Assigned task:
Where the line containing "Het station in" appears below, begin there and reproduce each line exactly through the last one, omitting pictures.

Provided data:
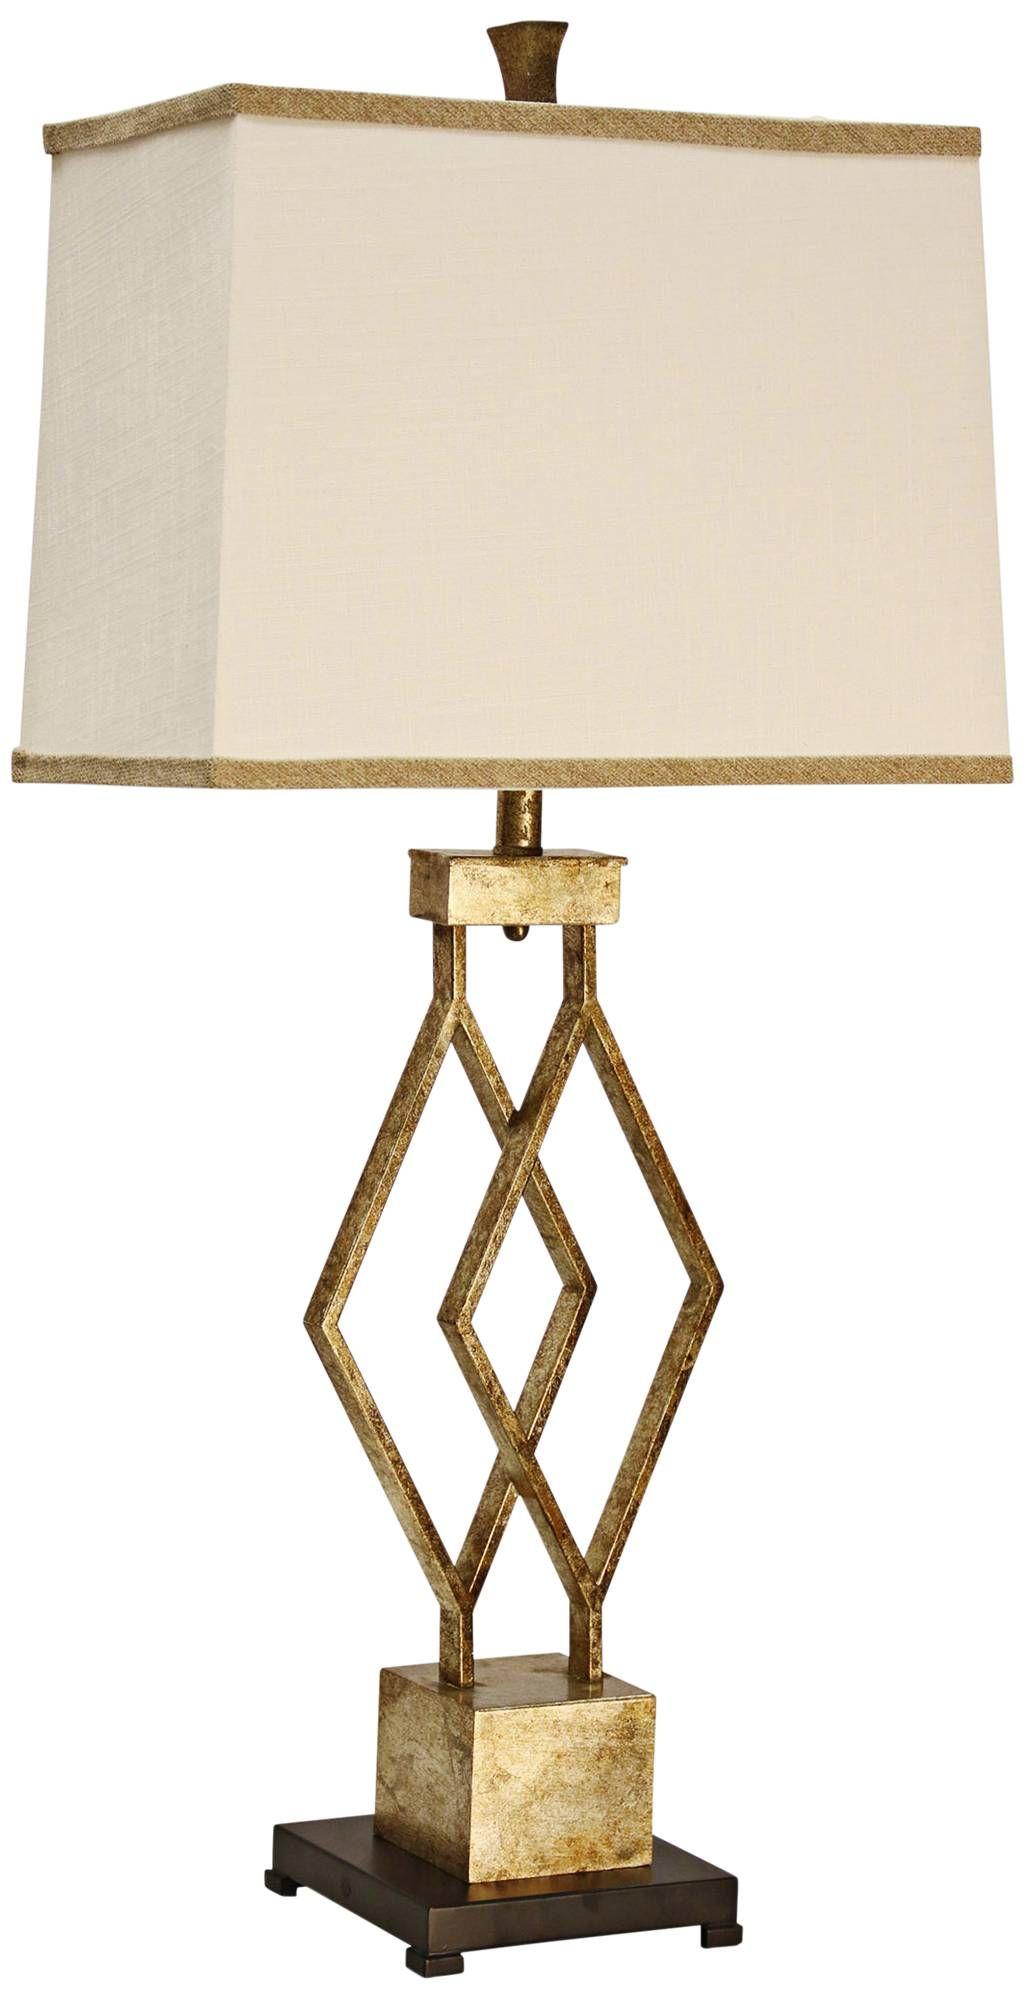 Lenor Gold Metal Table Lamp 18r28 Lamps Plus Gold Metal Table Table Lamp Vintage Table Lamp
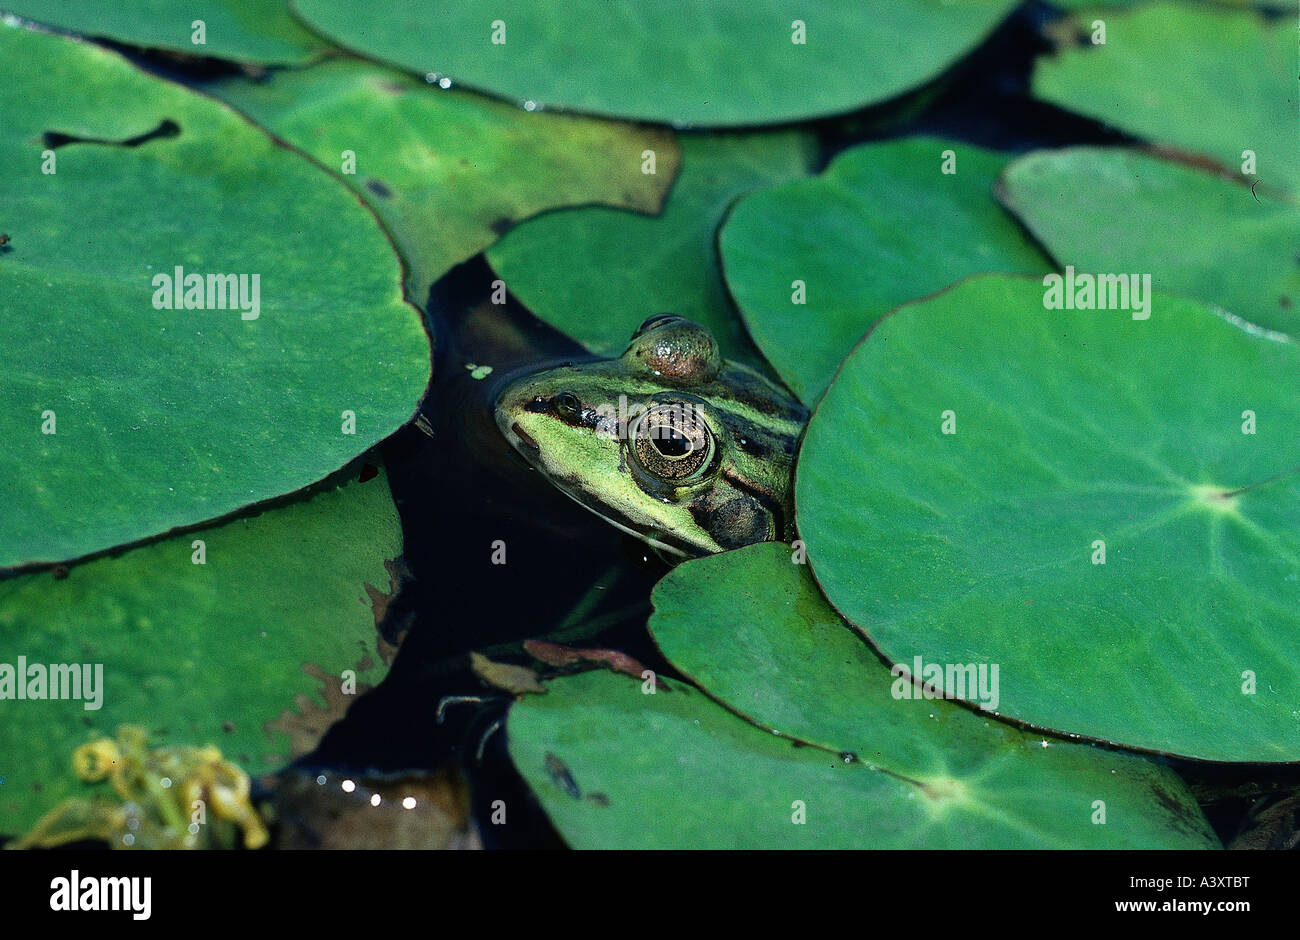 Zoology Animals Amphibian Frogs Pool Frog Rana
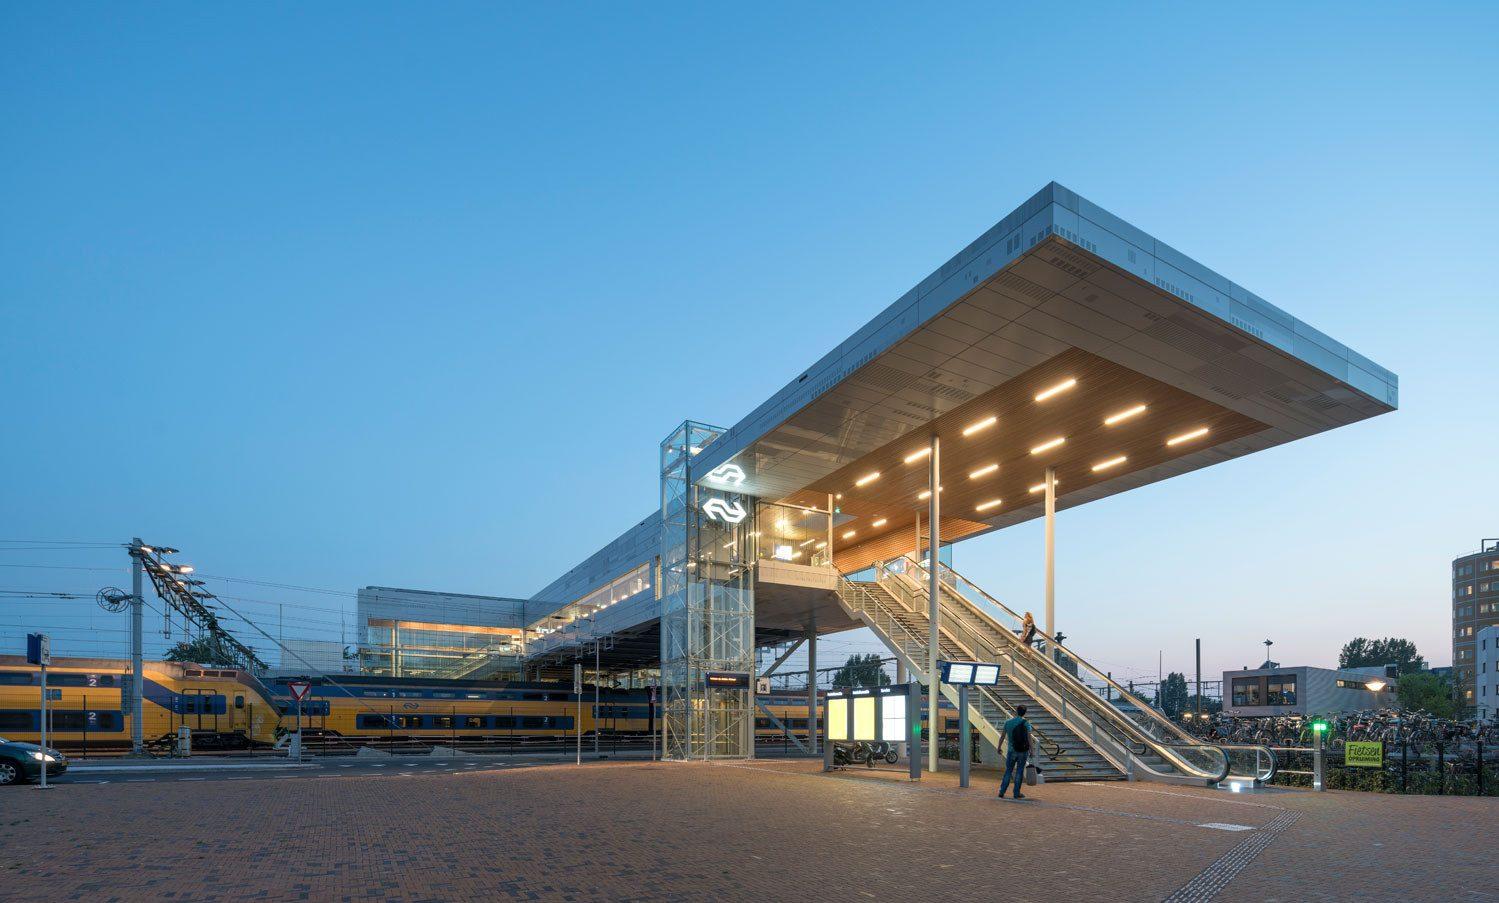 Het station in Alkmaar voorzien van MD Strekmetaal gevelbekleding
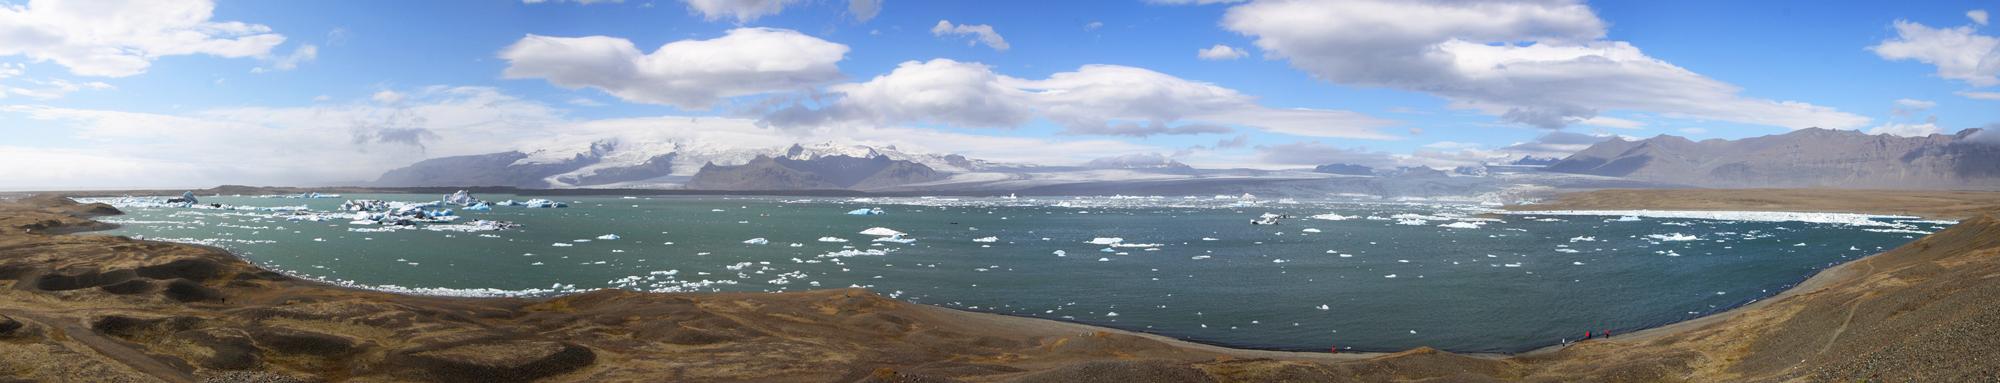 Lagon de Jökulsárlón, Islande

Exercise output:
 Het station in Alkmaar voorzien van MD Strekmetaal gevelbekleding
 Lagon de Jökulsárlón, Islande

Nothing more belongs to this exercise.